Beyond Shadow IT: Navigating the New Risks of Shadow AI

The Unseen Landscape

Shadow IT is the tech term buzzing around offices lately. It's basically any application, software, or gadget your team is using without the IT department's blessing. For example:

• Using personal devices like laptops, smartphones, and storage devices (USB disks, external hard drives) to access, store or transmit work data.
• Using cloud applications like productivity tools (Trello, Monday.com), cloud storage (Dropbox, Google Drive, iCloud), file-sharing (ShareFile, WeTransfer) or even generative AI (ChatGPT, Gemini) without IT approval.
• Setting up personal Wi-Fi hotspots, cloud servers (AWS, Azure, Google Cloud), or other IT resources without IT authorization.
• Holding work meetings through unauthorized video conferencing when the organization uses a different approved service, or creating unofficial work group chats without IT approval.
• Sharing work files on personal cloud storage accounts or forwarding work emails to personal email accounts.

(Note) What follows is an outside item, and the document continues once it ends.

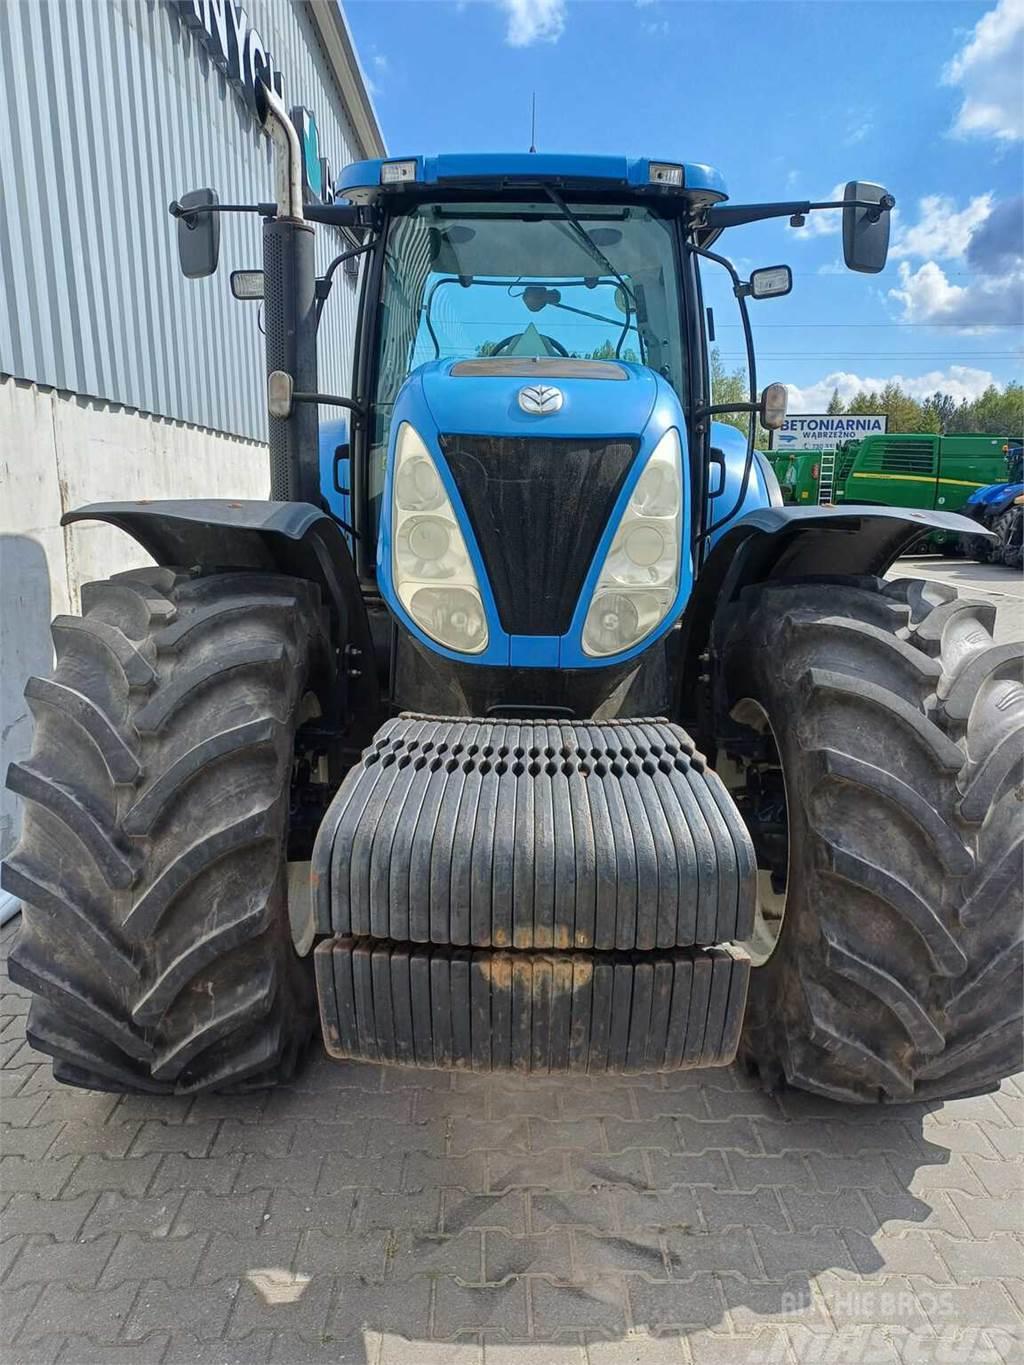 New Holland T7060 Tractors

Yes, there's potential upside, but also serious risk that organizations need to tackle head-on.

Why Shadow Grows

It's no wonder shadow IT has taken off. Employees are increasingly frustrated with the clunky tech their organizations offer. The simplicity and speed of cloud services just make it more tempting.

A few factors seem to be pushing employees towards these unofficial tools:

• Slow, outdated tech: No one wants to wait for IT to catch up.
• Bureaucracy: Getting new tools approved? Nightmare.
• Need for speed: In a fast-moving market, you need tech that can keep up.
• Risk? What risk?: Most people don't even realize the security dangers.

The Dark Side

The supposed upsides of shadow IT often hide some nasty dangers, with serious consequences for organizational security.

• Unofficial applications and devices create vulnerabilities, making data breaches, cyberattacks, and regulatory headaches more likely.
• A fragmented IT environment, with all sorts of systems running rogue, is a recipe for wasted time, duplicated work, and a total lack of direction.
• Using tools that aren't sanctioned can land you in hot water with software licenses and data laws, leading to fines and reputational damage.

Silver Linings

Shadow IT isn't entirely without its merits, however. It can actually boost productivity and make employees happier by letting them use the tools they prefer. This can speed up innovation, make organizations nimbler, and maybe even cut IT costs.

Think of shadow IT as a wake-up call, too. It shows where your tech is falling short and what your teams really need.

Managing the Shadows

Managing shadow IT isn't easy. It's about finding the sweet spot between security and allowing for new ideas and flexibility.

A few strategies can help:

• Clear rules: Develop clear, easy to understand, policies on what’s acceptable and how to get new tools approved.
• Regular checkups: Utilize asset discovery tools to find those hidden apps and devices, and do regular IT audits to see what's really going on.
• Openness is key: Encourage honesty and talk about the risks. Make sure everyone knows why data security matters.
• Tech solutions: Tools like CSPM and IAM can help secure those rogue apps and devices.

Turning Shadows into Assets

Organizations may regard shadow IT as an opportunity to learn and grow, rather than a threat.

• Listen and learn: Figure out why your employees are using unauthorized tools. This shows you where your tech is lacking and helps you tailor your services to their needs.
• Create a sandbox: Set up spaces where new tech can be safely tried out and assessed. Maybe it could even be integrated into your official setup later.
• Collaborate, don't dictate: Encourage IT and other departments to work together on finding tech solutions. Low-code/no-code platforms can be a great way to quickly build what you need.

The Rise of Shadow AI: A New Frontier

AI is evolving at fast pace, and generative AI tools are becoming increasingly available. This has given rise to a new concern: shadow AI. Think of it as shadow IT's AI counterpart, the unauthorized use of AI tools within organizations. Employees are drawn to these tools, especially generative AI, in the expectation of enhancing productivity and efficiency, but this often results in premature adoption without a thorough knowledge of the possible risks.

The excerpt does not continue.